Family SMSF structures, which can be bloodline, blended or multigenerational, have become an elite specialisation and require an additional level of understanding from advisers, according to a sector expert.
I Love SMSF chief executive Grant Abbott told a webinar on family SMSFs today while most of the education advisers undertake is at a general Australian Qualifications Framework (AQF) level 6 accreditation, advising on family SMSF structures would require an AQF level 8 or 9 accreditation.
“If you’re a family SMSF adviser, you are now the elite of the elite,” Abbott said.
“You might know your SMSFs, but you certainly have to go to that next level to understand how that interplay between an SMSF and having multi-member funds and multigenerational funds play out.”
He also said advisers should treat family members as little member pods and should design different, customised investment strategies for each member, depending on their circumstances and life stages.

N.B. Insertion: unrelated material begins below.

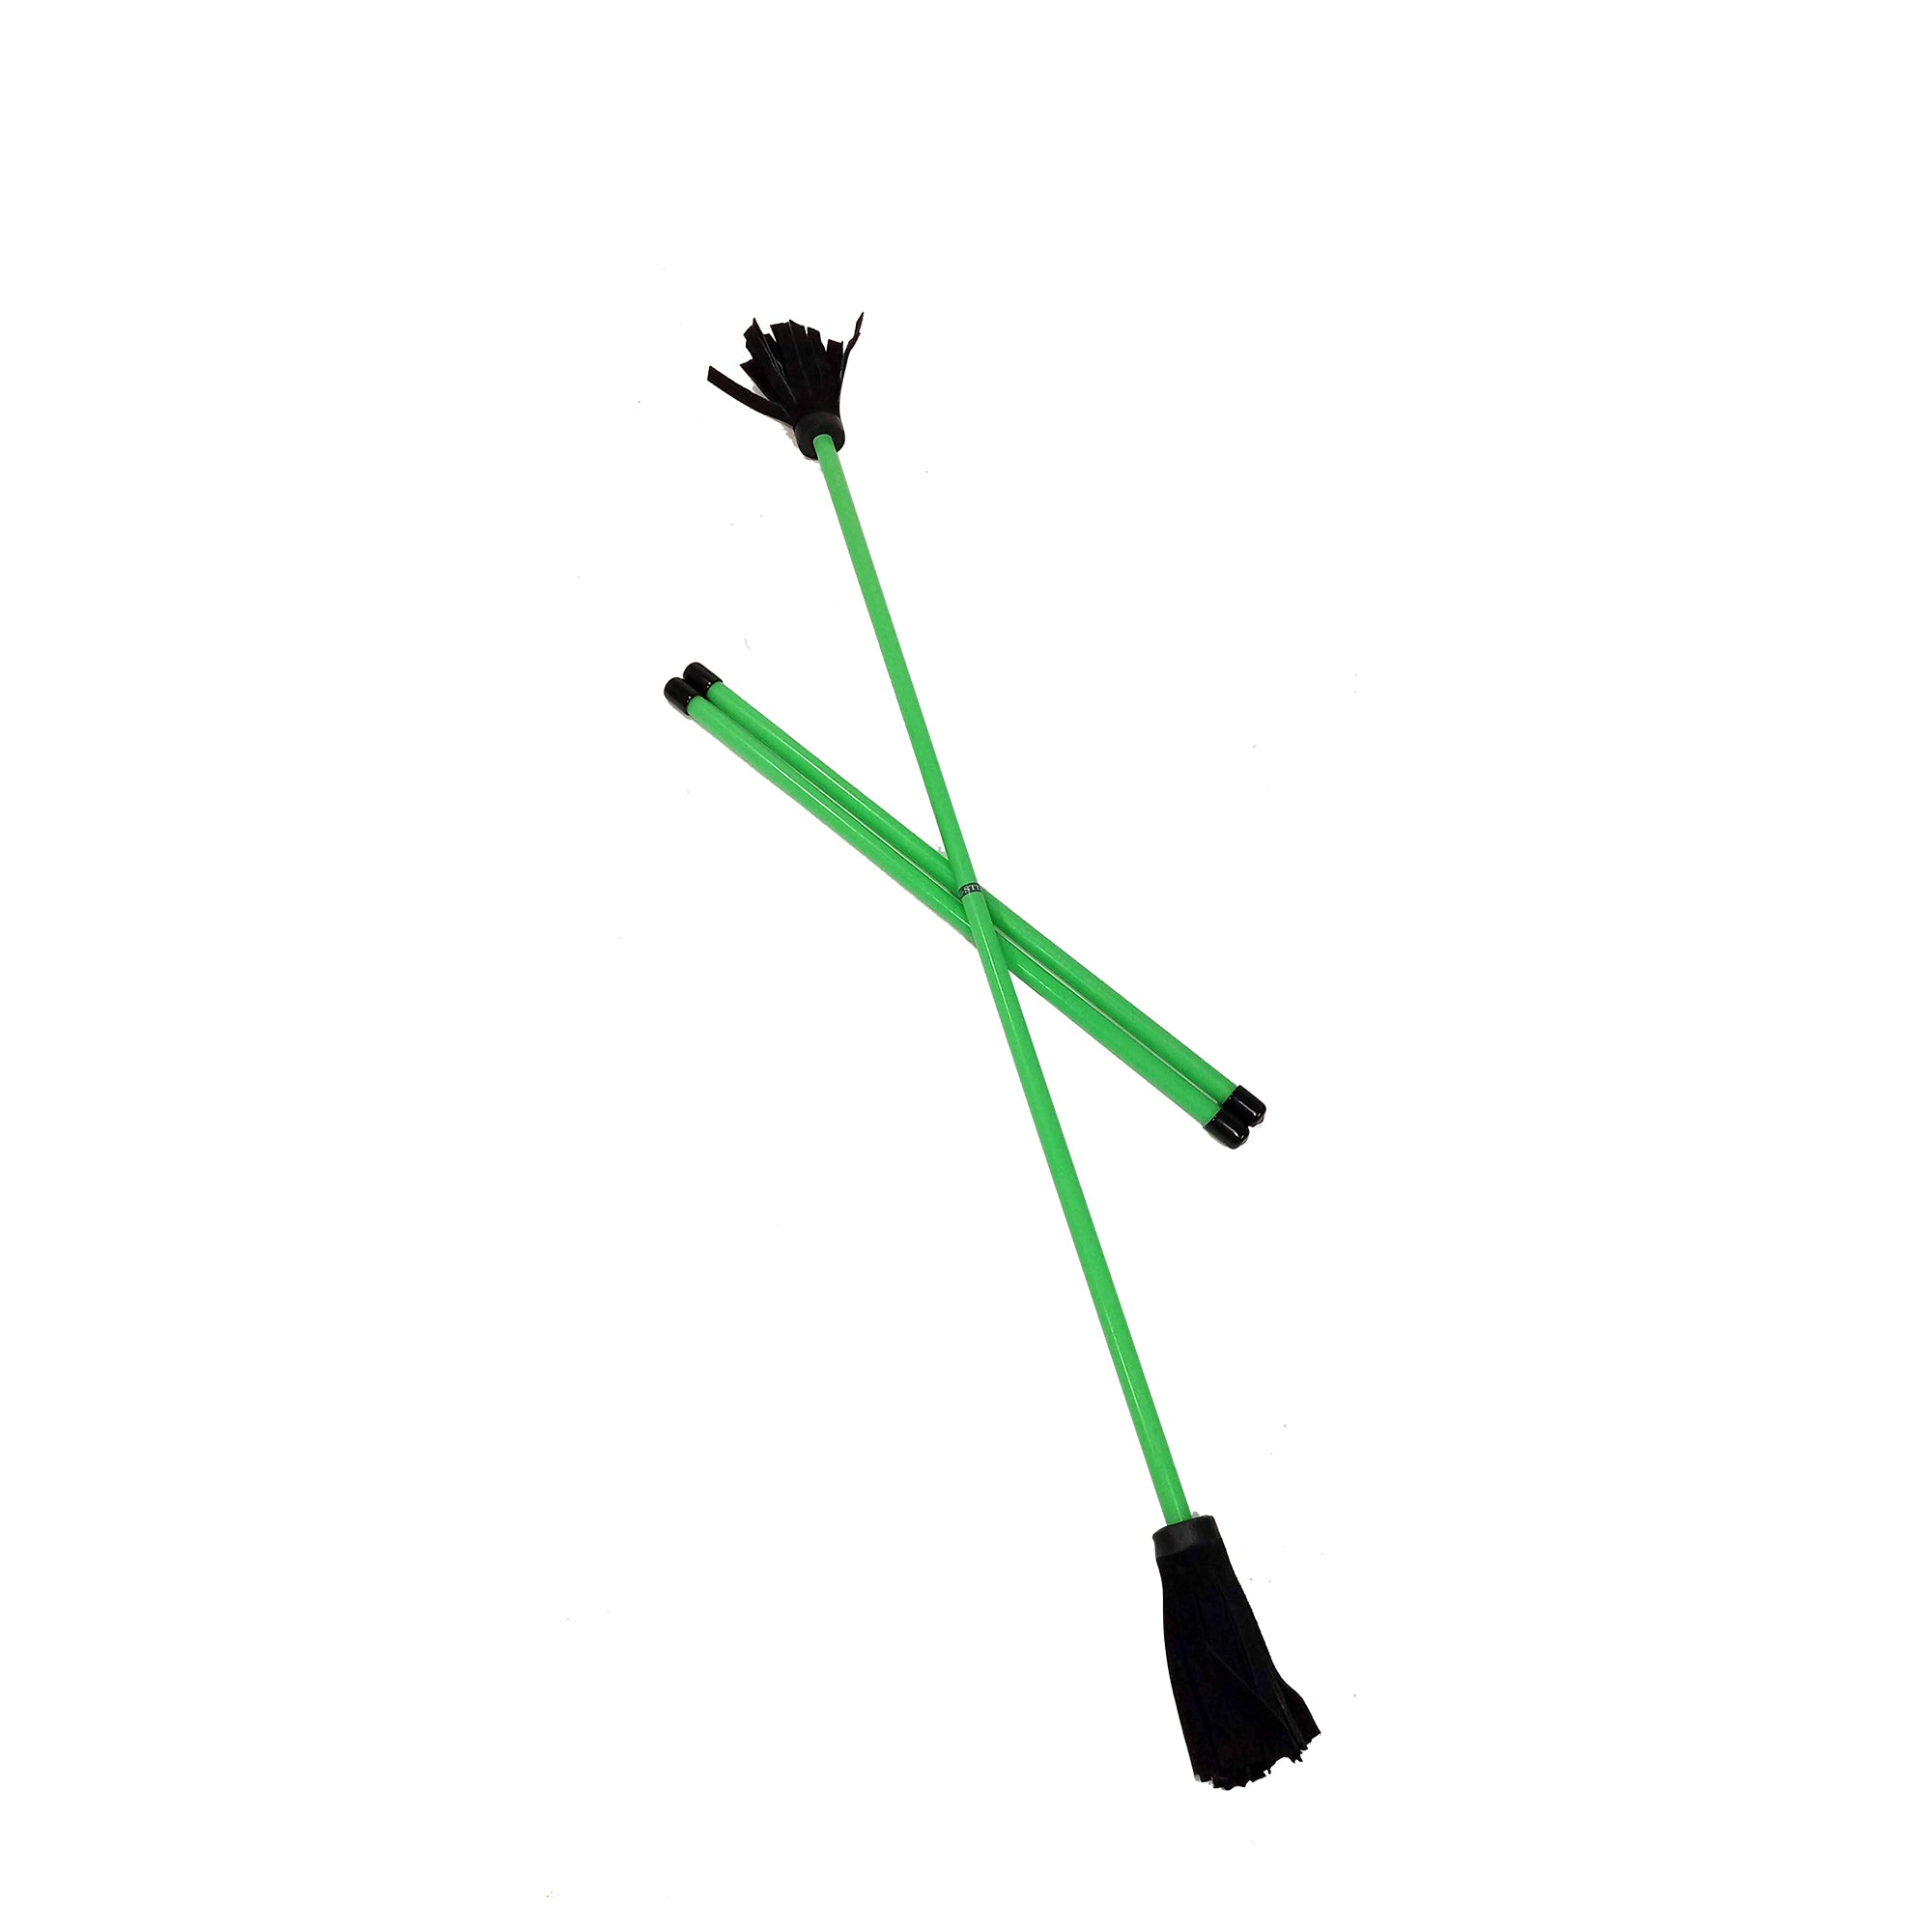 Z-Stix Professional Juggling Flower Sticks-Devil Sticks and 2 Hand Sticks, High Quality, Beginner Friendly - Neon Series Kids / Glow in The Dark

“If you’re running a pooled investment strategy, you simply say it’s a pooled investment strategy for the fund,” he noted.
“But that doesn’t make sense because if we’ve got multigenerational members, even for a member themselves who are pension members who have got an account-based pension and a retirement accumulation account because they’re over their transfer balance accounts, you shouldn’t be running the same investment strategy.”
He also warned if documents such as wills, binding death benefit nominations, deeds and enduring powers of attorney sit outside the family SMSF, there is a possibility of that becoming an issue.
“What we’re going to do is we’re bringing everything in together in this family [SMSF],” he said.